Apenas eran las 16.30 horas. “Se me acercaron dos chavales de nacionalidad marroquí y me dijeron que estaba saliendo humo. Miré y comprobé que era verdad, y que ya se estaba viendo una llamita. Lo paré de momento. Abrí las puertas urgentemente y desalojé. Menos mal que las puertas funcionaron correctamente y no se quedaron bloqueadas. Todo el mundo salió, cogí el extintor y me fui a sofocarlo”. Su serenidad dentro de lo grave de la situación dio la confianza que necesitaban los pasajeros para no perder la calma.

“Fue en dos minutos, fue una evacuación muy civilizada”, señala. “Volvía entrar y agoté el extintor pero fue imposible entre la mezcla del humo que salía hacia mí en el interior y los gases. Tuve que desistir. Había cada vez más humo y más llamas y me salí”. Pese a la gravedad de la situación, asegura que en ningún momento temió por su vida. “No pensé en eso. Me quedé muy satisfecho porque habían salido todos sin problema y cogí el extintor para intentar si podía sofocarlo”. Fue ya cuando se tranquilizó todo cuando empezó a pensar en cómo podría haberse complicado todo aún más por la cercanía de la gasolinera y los coches estacionados.

“Es un hecho puntual”


Por su parte, en el seno del comité de empresa, no ocultaban ayer su “preocupación” por este suceso, que se suma a la lista de los ocurridos en los últimos años. Discrepan en que son tres los incendios que se han producido desde 2012 como dijo el delegado de Movilidad. “Son algunos más y desde hace menos tiempo” y alertan de que “urge” que lleguen los nuevos autobuses ante el estado de la flota  porque “esto no puede aguantar mucho más tiempo así”. Por ello, piden al Ayuntamiento que “aligere al máximo los trámites” (se prevé para agosto la llegada de nueve nuevos autobuses). Aseguran que la situación es “de gravedad” y requieren una respuesta “urgente”.
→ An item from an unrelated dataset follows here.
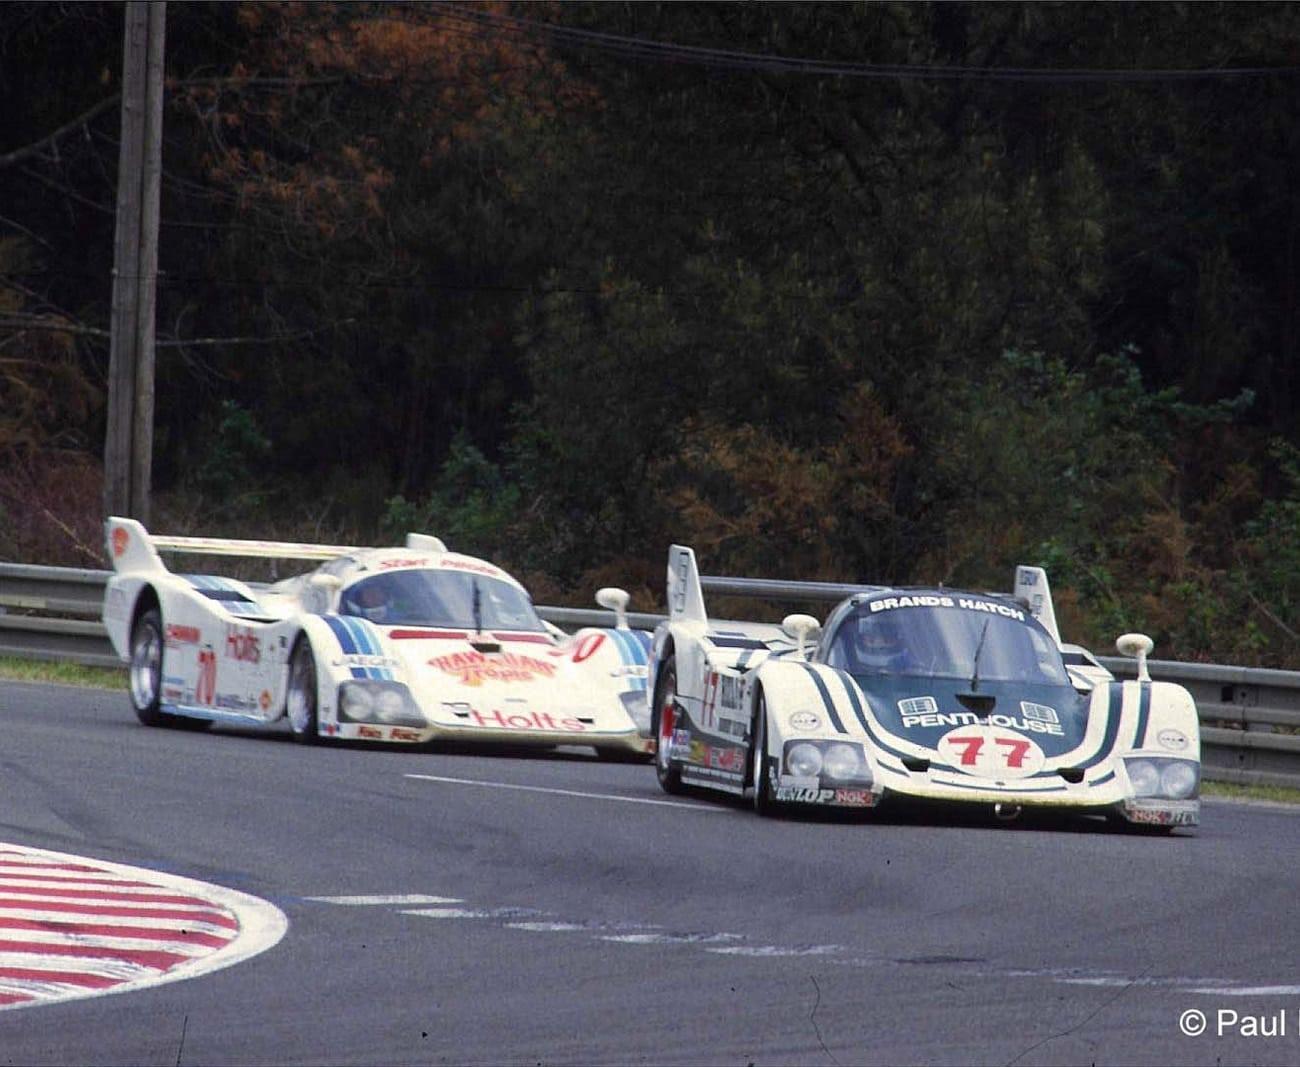 1985 #77 Tiga CG84, #70 Tiga CG85 – Le Mans 15 16 Jun 85

Por su parte , la portavoz municipal Laura Álvarez, aseguró ayer que lo ocurrido “es un hecho puntual” y que el autobús siniestrado había pasado “todas las revisiones que tenía que pasar” y cargó contra la gestión anterior Gobierno del PP. “En ningún momento Jerez se mereció quedarse con los autobuses chatarra de Madrid”, dijo, tras reiterar que el Gobierno local  “está trabajando para renovar la flota”, sentenció.